## [What the exercise asks]
Please repeat exactly the lines from the one containing "BMW X6 3-ГО" to the end of the entries below, both included, and omit all pictures.

## [The data]
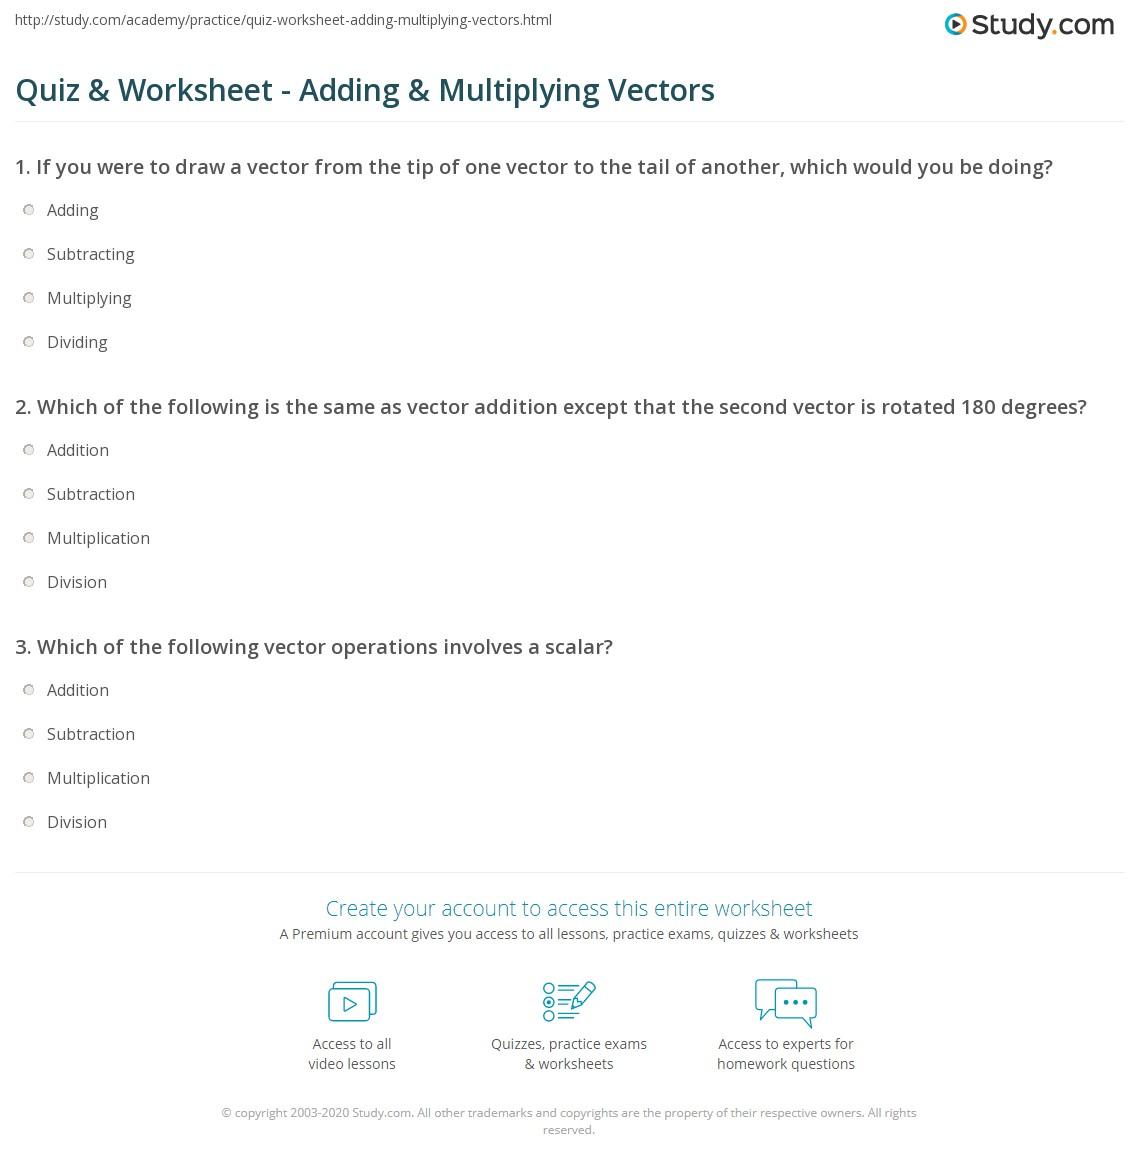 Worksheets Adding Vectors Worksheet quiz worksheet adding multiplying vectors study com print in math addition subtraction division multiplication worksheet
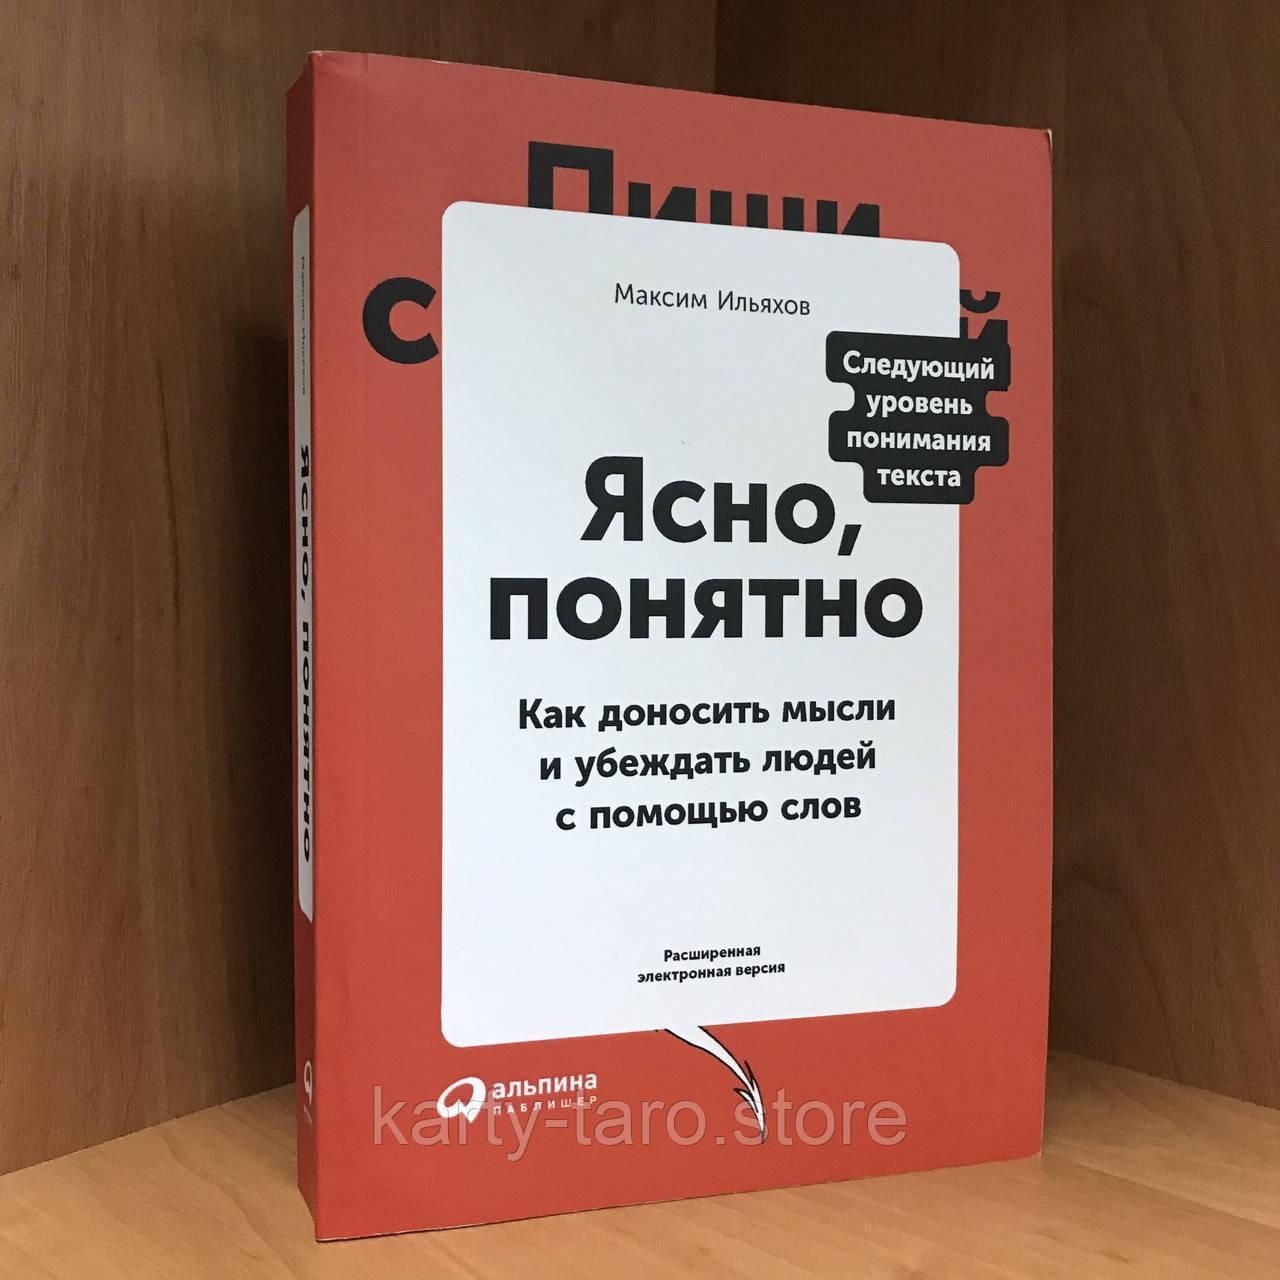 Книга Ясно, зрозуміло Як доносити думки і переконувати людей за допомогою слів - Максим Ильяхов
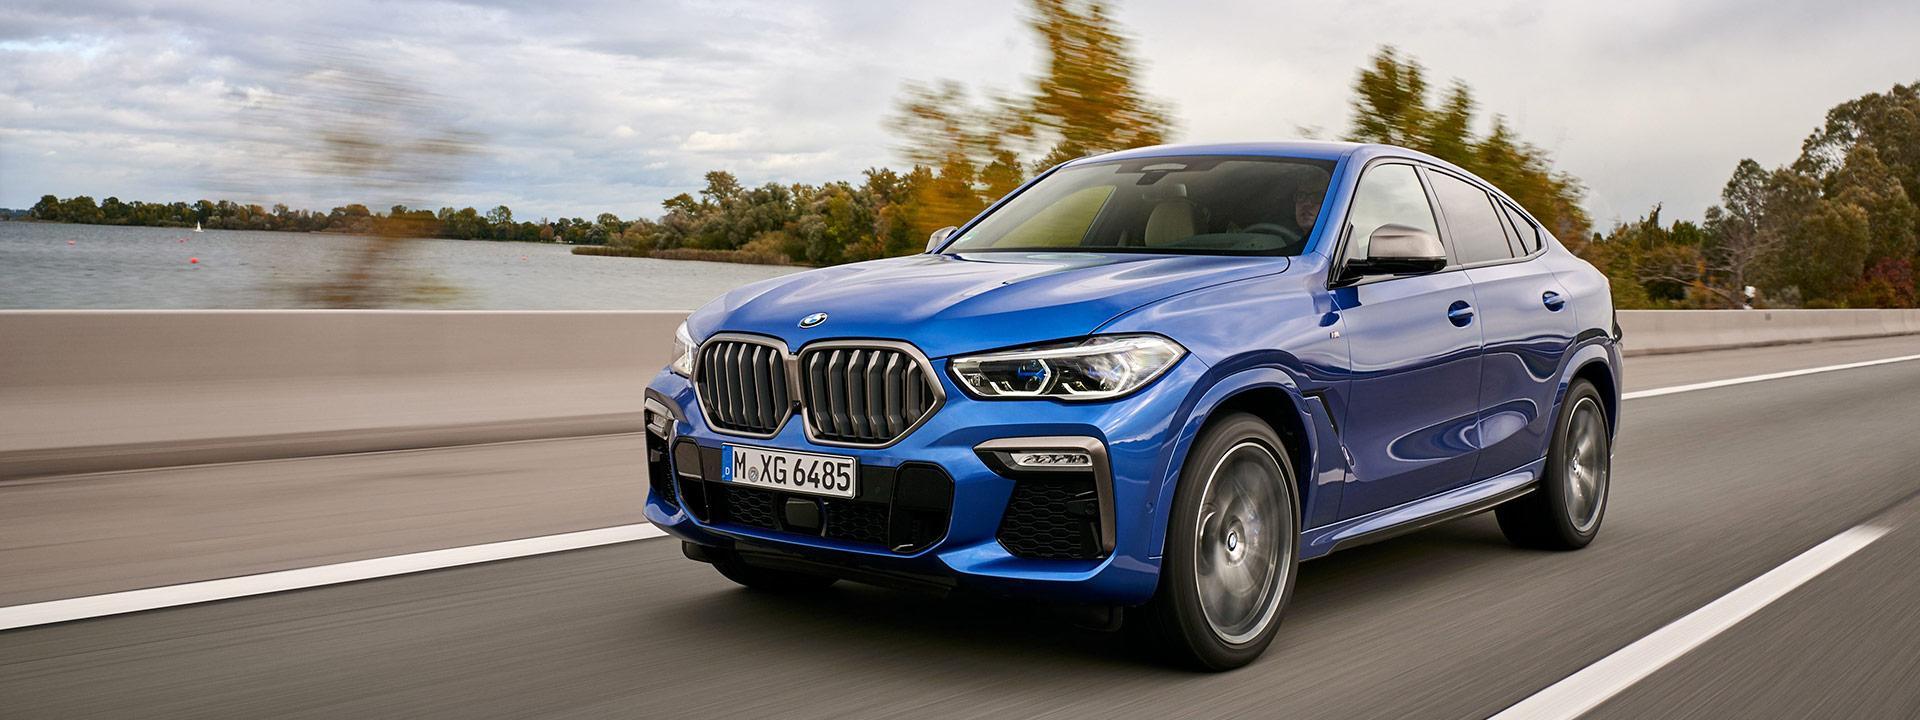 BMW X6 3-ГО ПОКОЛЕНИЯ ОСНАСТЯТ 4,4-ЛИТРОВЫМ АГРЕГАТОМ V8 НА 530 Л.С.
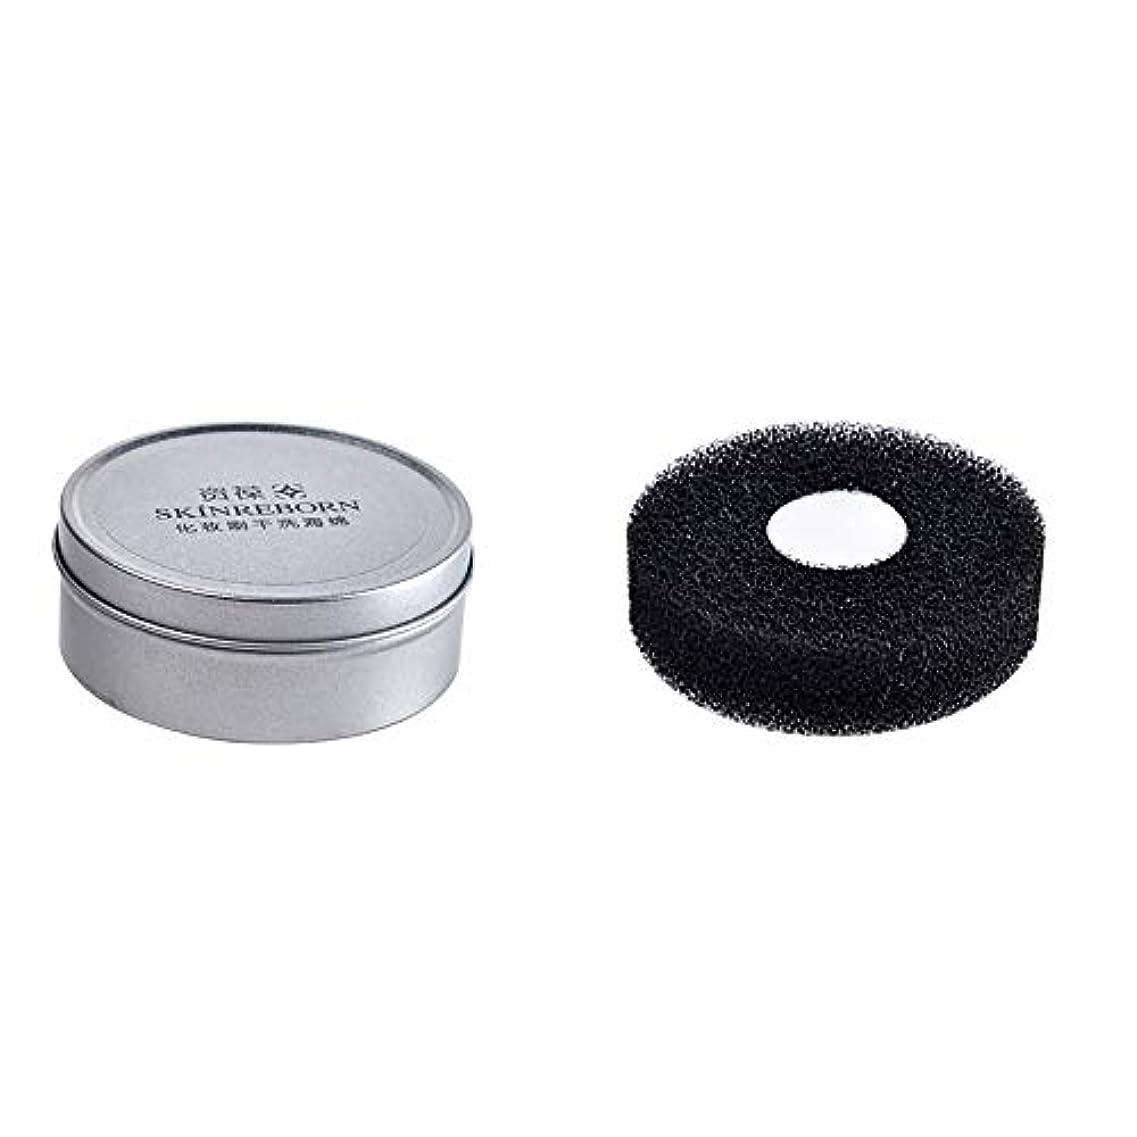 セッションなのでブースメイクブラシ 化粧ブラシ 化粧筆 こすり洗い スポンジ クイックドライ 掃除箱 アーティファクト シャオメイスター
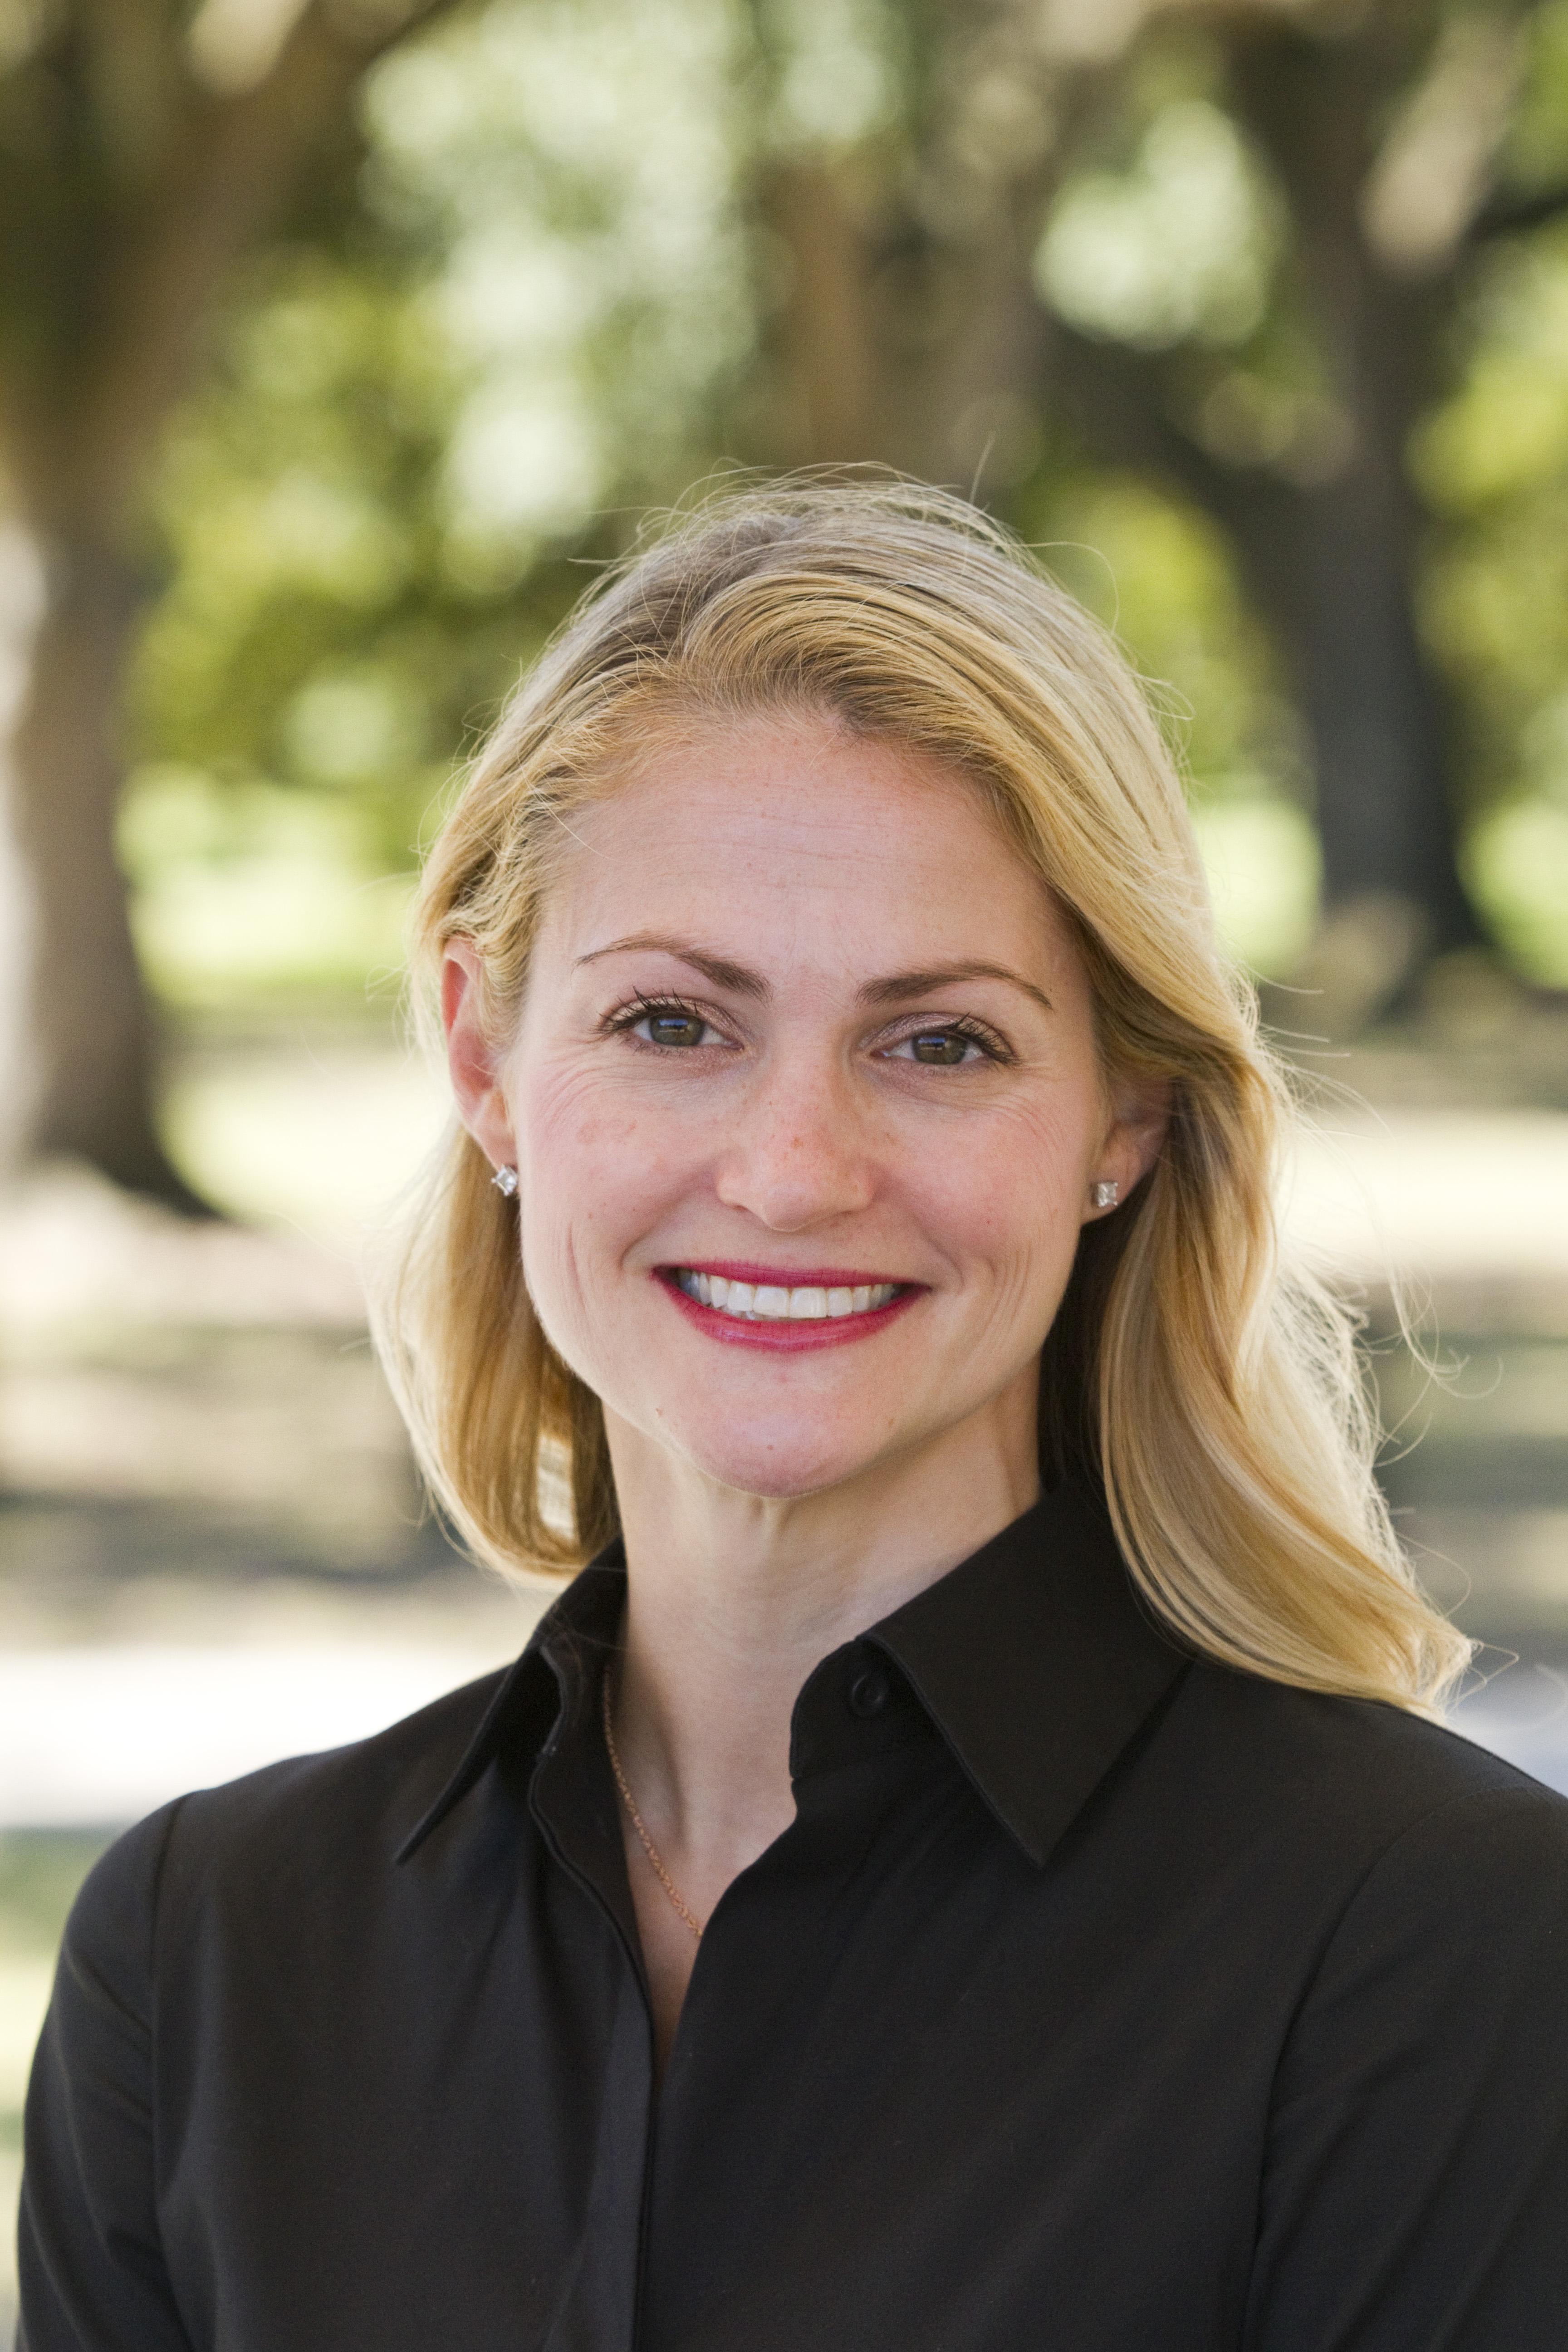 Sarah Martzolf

## [Solution]
 BMW X6 3-ГО ПОКОЛЕНИЯ ОСНАСТЯТ 4,4-ЛИТРОВЫМ АГРЕГАТОМ V8 НА 530 Л.С.
 セッションなのでブースメイクブラシ 化粧ブラシ 化粧筆 こすり洗い スポンジ クイックドライ 掃除箱 アーティファクト シャオメイスター
 Sarah Martzolf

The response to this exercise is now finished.